Gong: Implementing Question-Answering Over Sales Conversations with Deal Me at Gong

Overview

Gong is a revenue intelligence platform that serves sales teams by aggregating and analyzing all the data that flows through B2B sales deals. The core value proposition is that salespeople typically spend 80% of their time on non-selling activities—searching for leads on LinkedIn, preparing for meetings, summarizing calls, sending follow-up emails, updating CRMs, and reporting to managers. By automating and streamlining these activities, Gong aims to increase productive selling time significantly.

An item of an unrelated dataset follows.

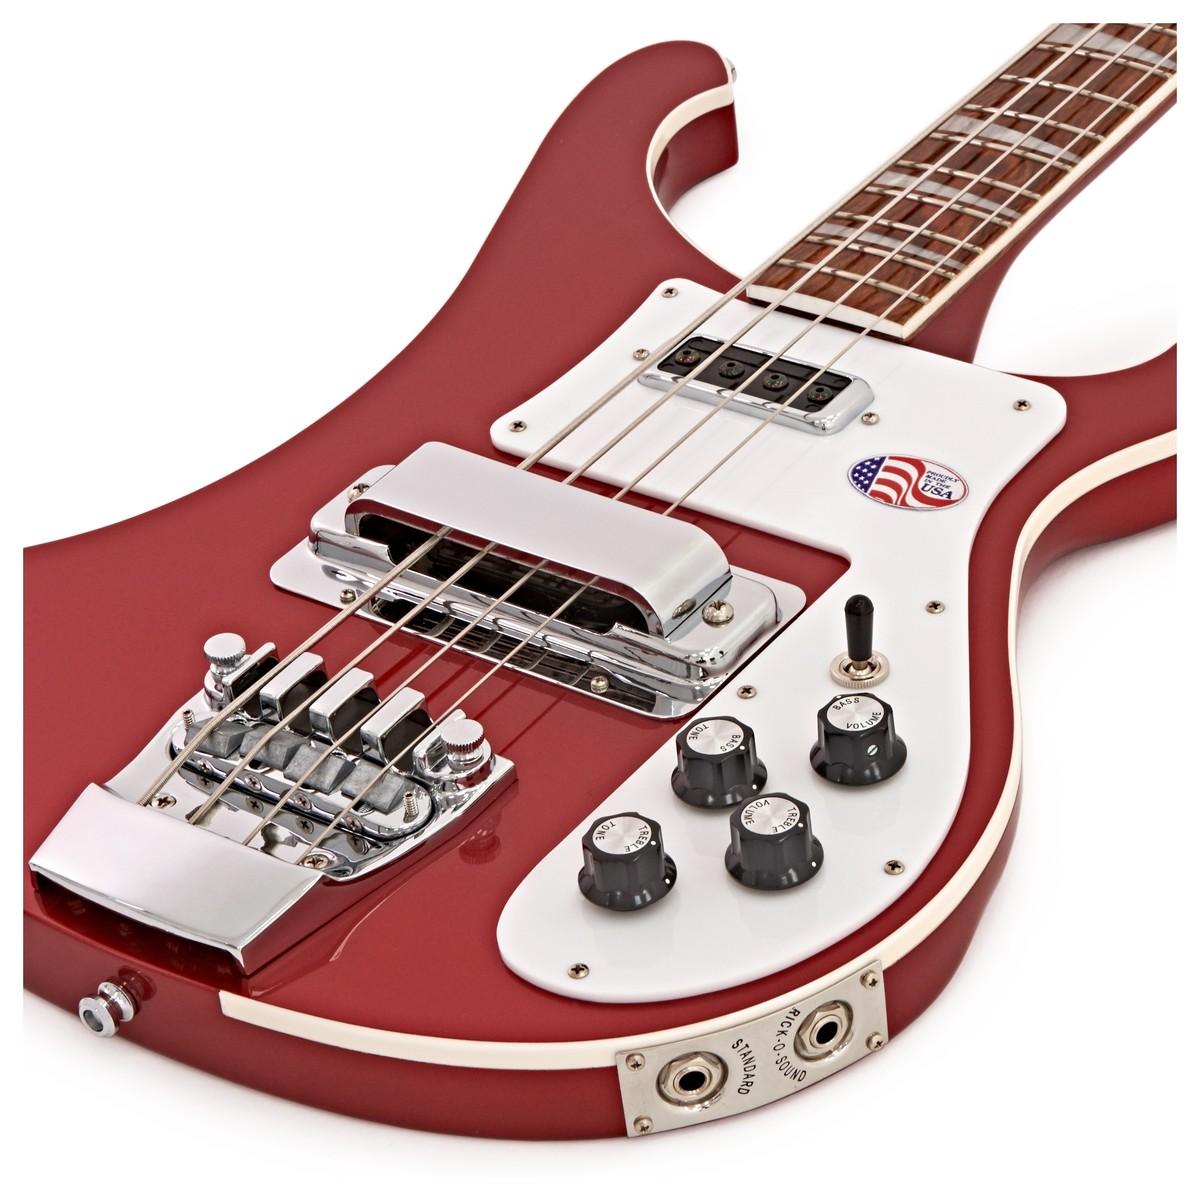 Rickenbacker 4003 Bass Guitar Ruby Red

The platform serves users across the entire sales organization hierarchy: from SDRs (Sales Development Representatives) who identify leads, to account executives who run deals, to managers who coach their teams, and up to executives who need aggregate insights on sales performance and deal health.

This case study focuses on a feature called “Ask Me” (referred to as “D Me” in the presentation), which is a natural language Q&A system built on top of Gong’s deal intelligence product. The feature was developed by Gong’s Speech and NLP research team, starting approximately 18 months before the presentation (around early 2023), inspired by the initial ChatGPT experience.

The Problem Space

B2B enterprise sales deals are fundamentally different from consumer transactions. A single deal can:

Involve dozens of people from both the selling and buying organizations
Span many months of sales activity
Generate hundreds of emails and thousands of call transcripts
Include complex pricing negotiations with frequent changes
Require tracking multiple decision-makers and stakeholders

Simply aggregating all this information in one place was already a differentiator for Gong compared to competitors. However, the challenge was extracting actionable insights from this massive corpus of unstructured data. When a sales manager wants to review a deal with their representative in a weekly one-on-one meeting, they previously had to either listen to recordings or wait for verbal summaries. The Ask Me feature aimed to let managers (and sellers) get immediate answers to any question about a deal.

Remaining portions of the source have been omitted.